Let's play connect the dots from some resources you might not think would connect. First, the 28 May - 3 June 2016 edition of the Economist (p.26), where flip-flop statements were made by Republican leaders once Donald Trump appeared to win the party nomination for the presidential campaign. Rand Paul's was a particular stand out, saying on The Nightly Show on 25 January:
"Donald Trump is a delusional, narcissist, and an orange-faced windbag."
And then, in May, on Breithart.com:
"...I took a pledge when I ran for president to not run as an independent candidate and to support the Republican nominee. I stand by that pledge."
Still thinking about what it takes from people to operate like this within their own party, let alone between political parties, I came across this Daniel Taylor's Book In Search of Sacred Places: Looking for Wisdom on Celtic Holy Islands. It is a book given to me recently by a friend who knows of my upcoming visit to Ireland this fall. Here is part of one of Mr. Taylor's reflections on pilgrimage, and it oh so relates:
"Pilgrimage holds out the possibility that when the last word is spoken about the human experience, it is a benevolent word. Absence, void, and disintegration are real, but not defining. Every good thing is subject to debasement and rupture, but rupture is the offense against the underlying design, not itself the essential nature of things....

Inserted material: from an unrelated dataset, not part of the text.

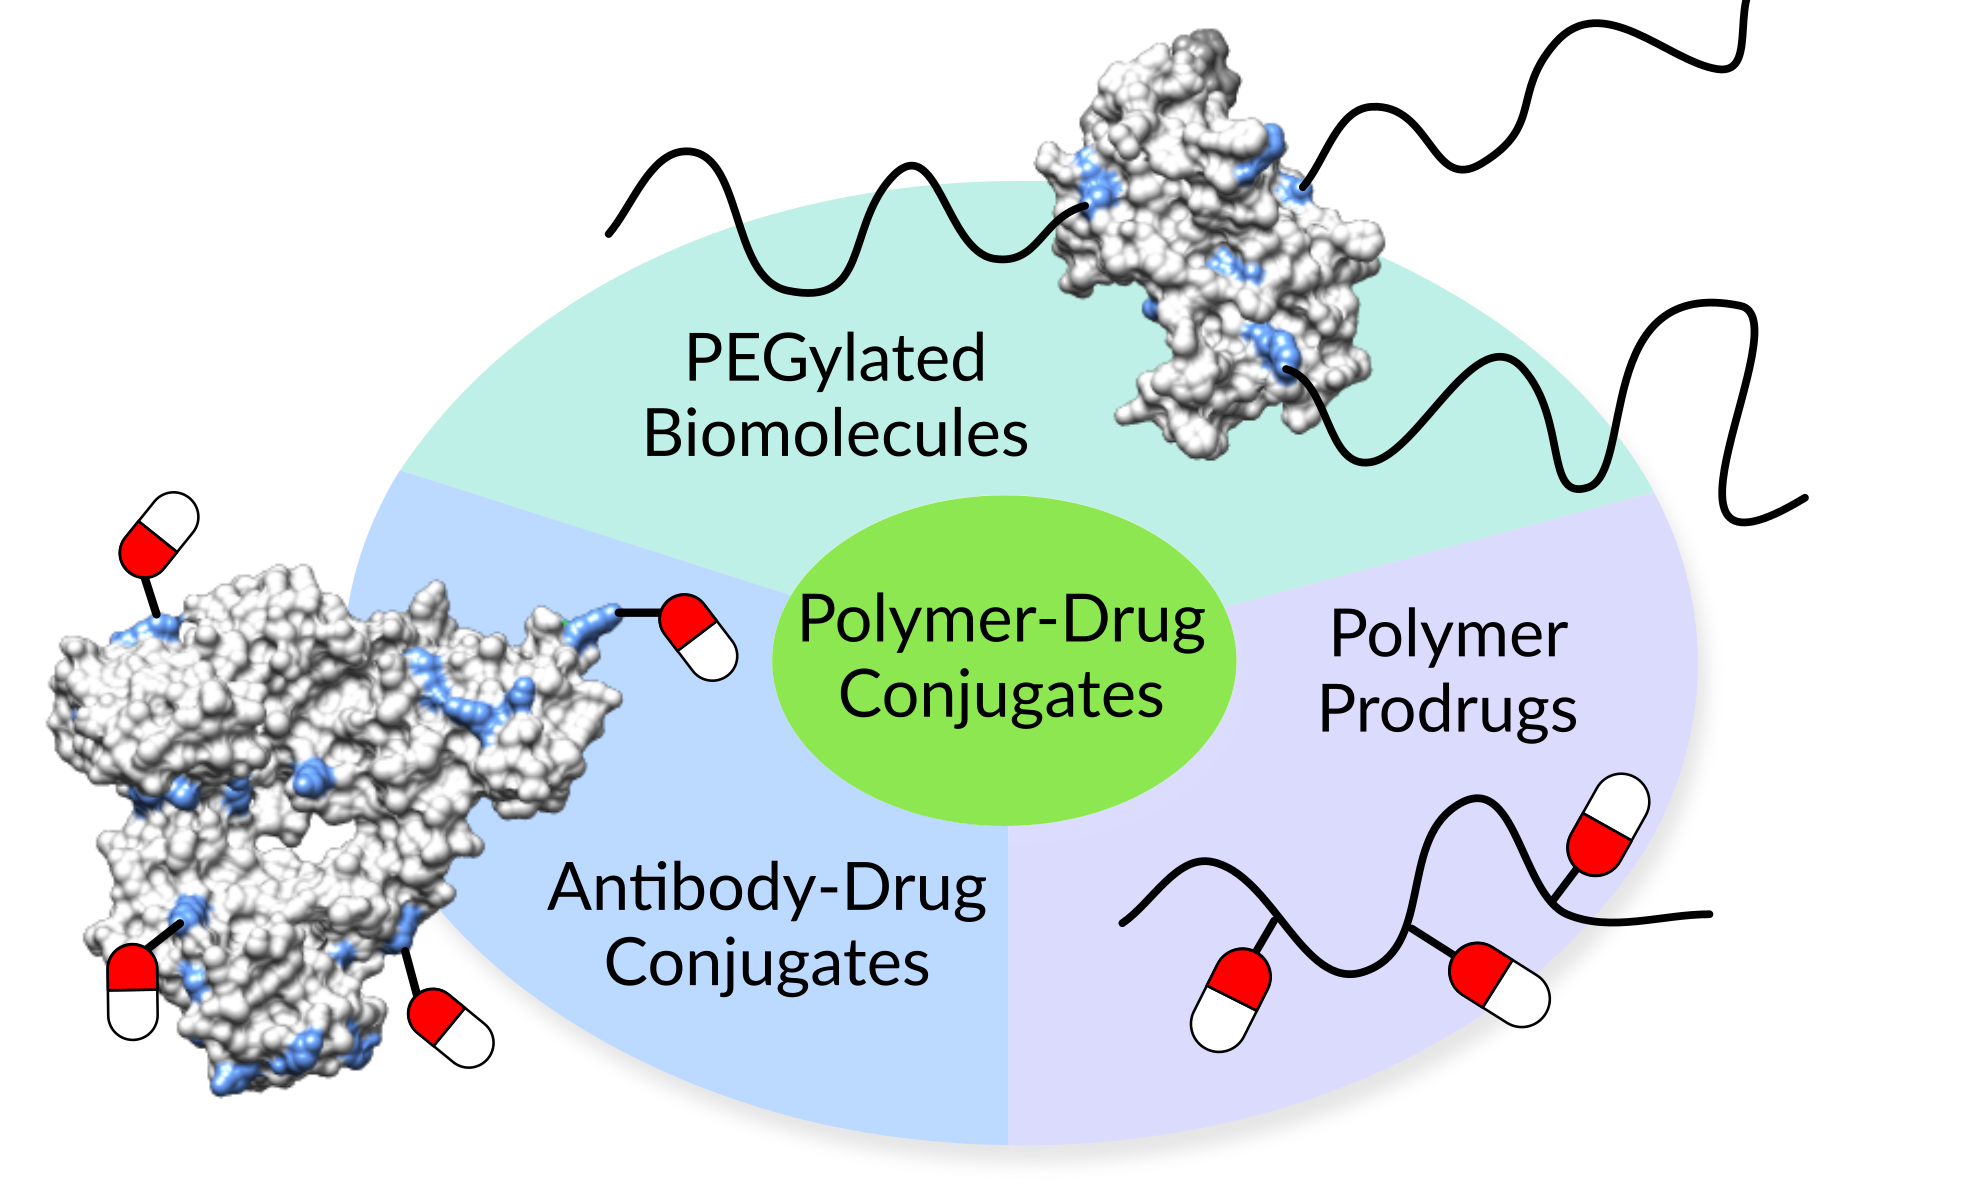 Polymer-drug conjugates include polymer prodrugs, PEGylated biomolecules, and antibody-drug conjugates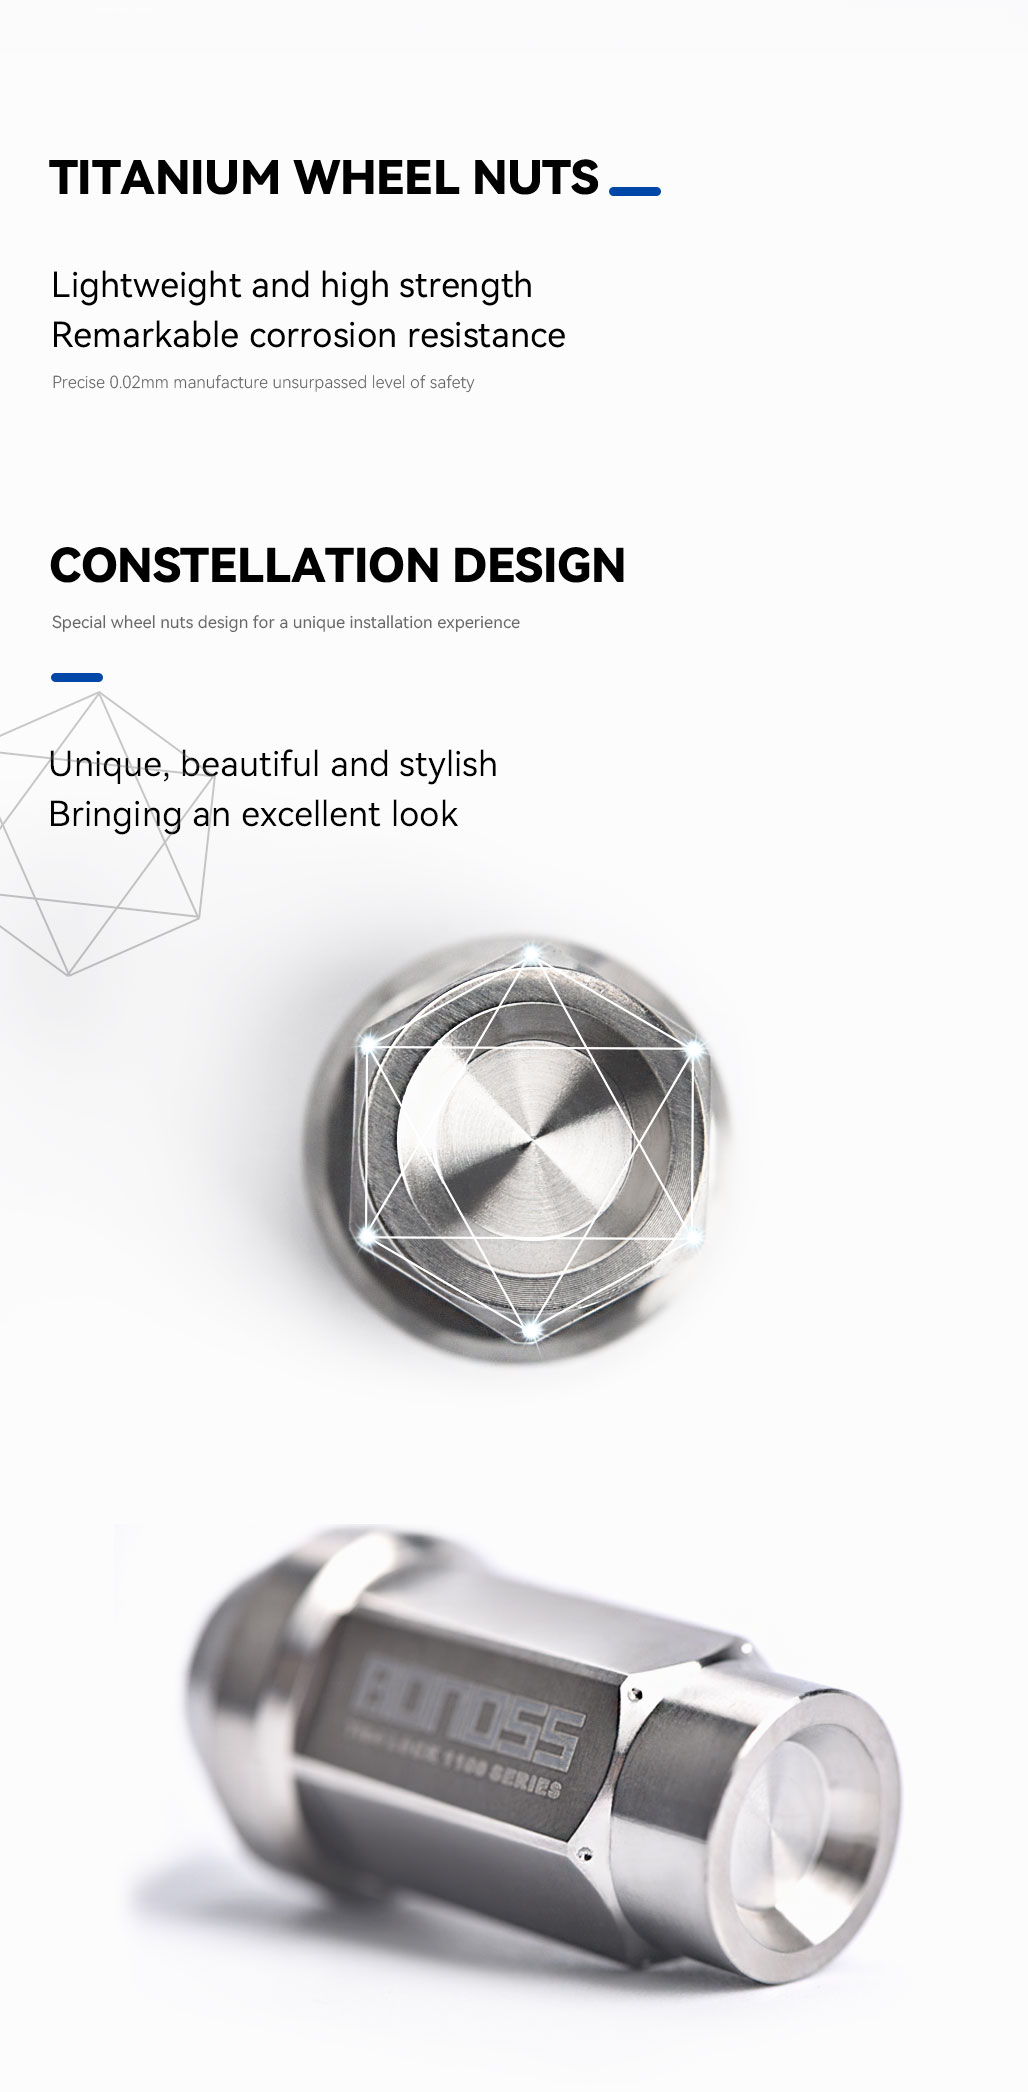 BONOSS-forged-titanium-wheel-nuts-constellation-design-by-lulu-2

....It is a chosen view of life....Having declared this my choice, I am obligated to certain actions in life. I believe myself obligated, for instance, to have fewer enemies....
The right demonizes the left, the left demonizes the right. Progressives are the new Puritans, seeing evil in every nook and cranny of society....Traditionalists see evil only in things that threaten the status quo. And each sees evil most clearly in the other. Leaders are defined now by their ability to frighten and enrage their followers, and nothing does that so well as a vivid and threatening enemy. And all these people want to recruit me to their side, with the ominous warning that if I am not with them, I am against them." (pp.154,155)
Taylor is pointing to a different way of thinking about what makes for an enemy. Before saying more about it, we have one more stop to make, a visit to Havel, a Life, the psychological biography about Vaclav Havel written by Michael Zantovsky, his longtime press secretary, a trained Psychologist himself. Since I'm reading the Kindle version of the book, I can't assign a page number for the following quote:
"Havel neither had nor would he ever develop a concept of the Enemy. His decades-long critique of the Communist regime always strove towards the form of a dialogue, in which he went out of his way to try to understand rather than to demonize the motives of the other side and, if at all possible, always to extend to them the benefit of the doubt."
Havel goes down in history as one of the all time greats at affecting change and helping people to flourish --- something our current slate of candidates are not likely to achieve. He stands in there with other great names we might point to -- King, Gandhi, even Jesus - particularly in the definition of and treatment of the enemy department.
Can we business leaders consider choosing the best of these leadership examples, emulating them, re-defining what our enemy is, our real competition, and then acting accordingly? Can we reject shrill words and bombastic shouting, and pick up humble, loving speech, even at our own expense?
Having connected these dots among these three sources, I'm struck yet again that our real enemy is that which destroys souls, diminishes life, harms the body, ravages the environment, and takes away from the life our children and the children of others'. Our real enemy is not the person who offers the same service or product I do. The real enemy is that which leads people to think that their greatest triumph is to deprive someone of their life, or perhaps worse, to deliberately cause their suffering.
What if that is the battle we take up as we lead our organizations, form our teams, prepare a new round of disruptive technology or product lines, determine employee benefits, consider what will be done with profits, and as we leave our estates behind.
May the God who destroys enmity, the Son who calls us friends, and the Spirit that equips us for works of service, bring us all wisdom as we live into our role as Stewards of the companies we serve, and fight the real battle against real rather than imagined enemies.